Comments (7)
Thanks for replying, but, i can guarantee my data is valid UTF-8 chars. I can correctly output my data into a file with out_file, kafka with out_kafka(_buffered), but not hdfs with out_webhdfs. I compared the source code between out_file.rb and out_webhdfs.rb, and I found the difference:
out_file.rb:
Plugin.new_formatter(@format)
out_hdfs.rb
include Fluent::Mixin::PlainTextFormatter
The two formatter is different and the error is appeared in exactly in Fluent::Mixin::PlainTextFormatter.
I wondered whether Fluent::Mixin::PlainTextFormatter causes the error?
sincerely
from fluent-plugin-webhdfs.
Could you paste what you did, with fluentd's configuration? And do you have stack trace for that error?
from fluent-plugin-webhdfs.
i have the same problem. i will show the how the problem occurs.

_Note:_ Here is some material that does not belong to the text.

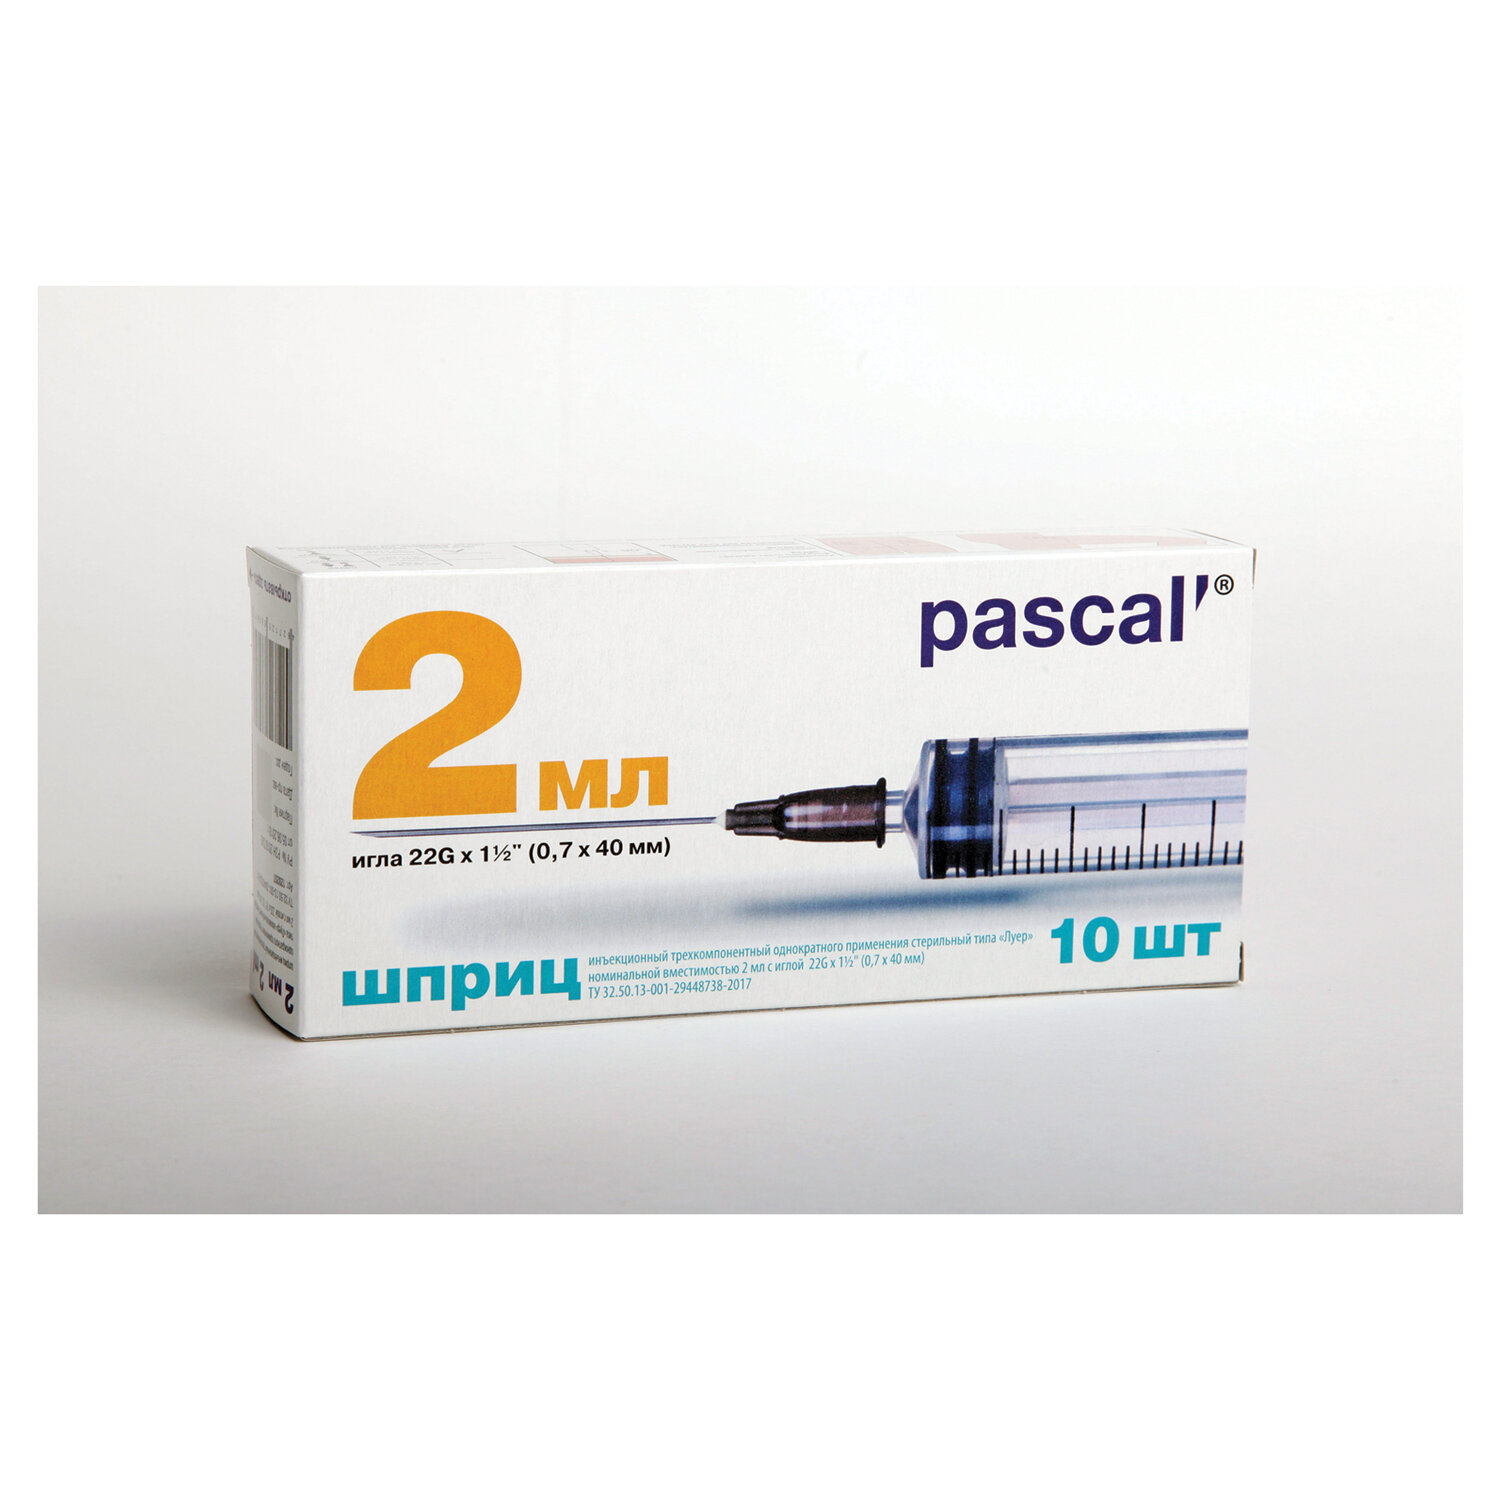 Шприц 3-х компонентный PASCAL 120207, 2 мл, 22G, комплект 15 упаковок по 10 шт.

let's say, i "tail" a file into hdfs using webhdfs.
td-agent.conf
<source>
type tail
pos_file /home/lvjin/workspace/work/td-agent/pos_files/test_log.pos
format json
path /home/lvjin/workspace/work/log_producer/test_log/test_log.json
tag test_log
</source>
<match test_log>
type webhdfs
host 192.168.1.245
port 50070
path /ehualu/logs/watch_log/watch_log.%Y%m%d.json
output_include_time false
output_include_tag false
flush_interval 10s
</match>
each line of log in the 'tail' file(test_log.json in the demo) is a json (utf-8 encoded) like:
{"close_time":"019:00","device_tags":[{"tag":"学习用品"},{"tag":"学校"},{"tag":"大屏"},{"tag":"学校"},{"tag":"汽车"},{"tag":"加油站"},{"tag":"教科书"},{"tag":"汽车"}],"start_time":"08:30","daily_h_traffic":7379,"device_size":"600*2000","device_intr":"位于CBD核心地带","screen_size":56,"device_ratio":"3:4","device_height":40,"visiable_angle":50,"device_resolution ":"1280*720","daily_car_traffic":5861,"visable_distance":10,"is_corner":false,"weekly_price":11452,"geo":[{"province":"安徽","city":"常州","coordinates":[{"lat":"12.96391","lon":"121.48462"}],"district":"锡山区"}],"id":1,"is_disturbed":true,"device_id":"09:2B:DD:6E:AD:F8"}
here is the stack trace:
2015-12-10 09:15:28 +0800 [warn]: emit transaction failed: error_class=Encoding::UndefinedConversionError error="\"\\xE5\" from ASCII-8BIT to UTF-8" tag="test_log"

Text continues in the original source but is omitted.